Any way I can tweak this? Or should I go an entirely different route? I wanted to avoid using a for x in enumerate(str) because I also would like to check for where, say, 'BB' is and what index does it start at.

Answer 1

Use re.finditer()

example 1:

match = re.finditer('A', 'ABBACDA')
for m in match:
    print m.start(), m.end(), m.group(0)

output:

0 1 A
3 4 A
6 7 A

example 2:

match = re.finditer('BB', 'ABBACDA')
for m in match:
    print m.start(), m.end(), m.group(0)

output :

1 3 BB

Answer 2

To John Machin

« (1) in your "find" code, tof is "A", in your regex code, tof is "BB" »

No. There is a 'find' code with tof = 'A' , and there is a code comparing 'find' method and 'regex' method with tof = 'BB'. There' is not an alone 'regex' code with tof = 'BB'

The 'find' code presents this solution in an isolated manner to be clearer because in the second code its lisibility is obfsucated.
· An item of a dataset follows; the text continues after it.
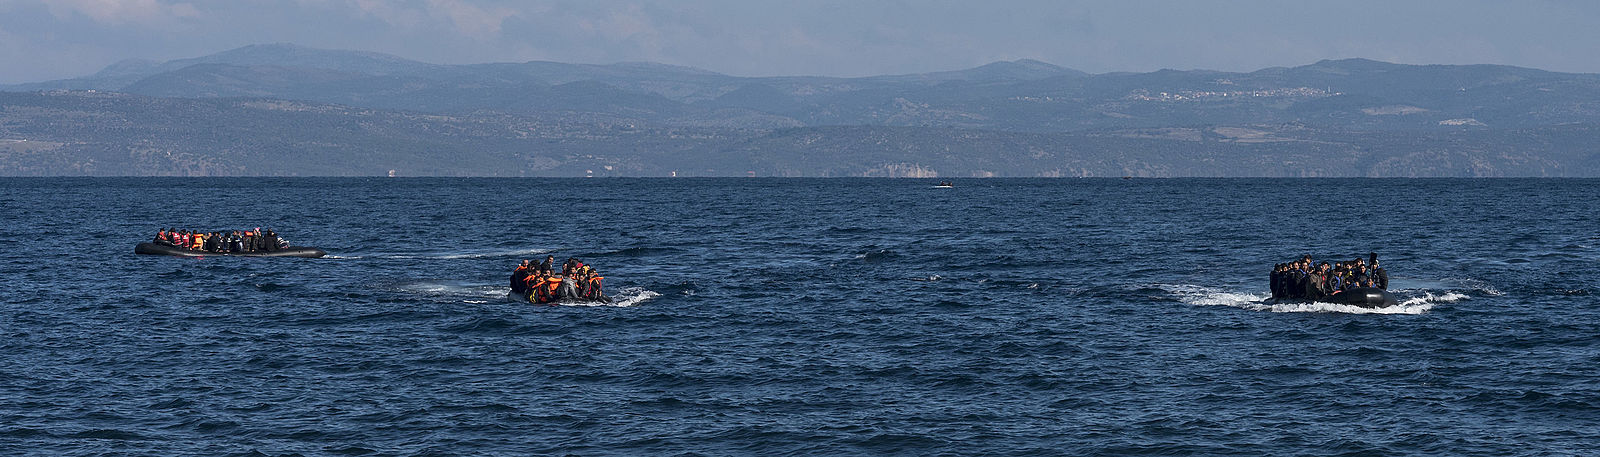 Human rights organisations demand justice for victims of Pylos shipwreck after &#8216;starkly divergent&#8217; accounts of events
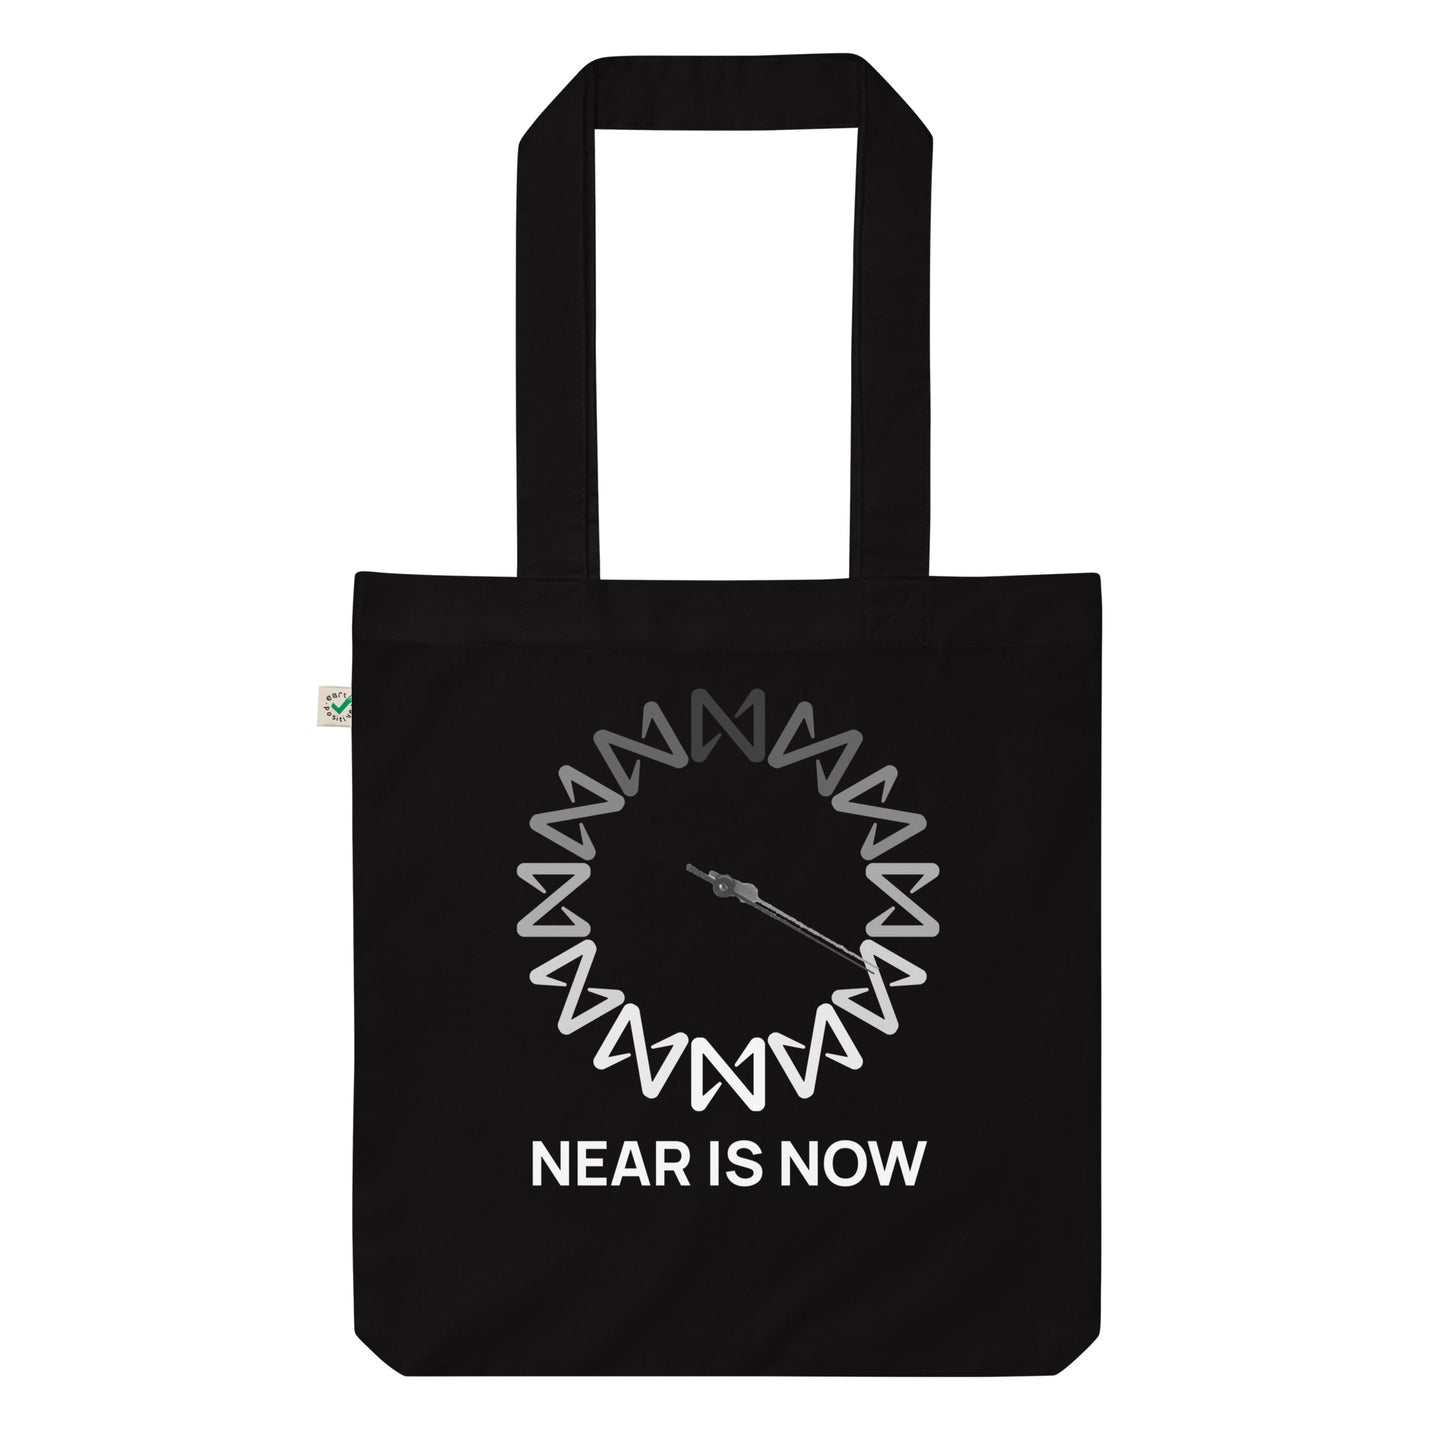 NEAR IS NOW Printed Tote Bag

I put the definition of pat = re.compile(tof) out of the loops in order to not count the time of its creation in the measured time. As it is in the beginning of the second code, you believed that it is an entirely 'regex' code. That's not so. It's a comparison code.

You should read more thoroughly.

« (2) ch[prec:].find(tof) instead of ch.find(tof, prec) »

Yes.

In fact I already knew that the index must be put in find() and not used in the string. I found it and I already used that way in past codes, but I just had a blank in my brain.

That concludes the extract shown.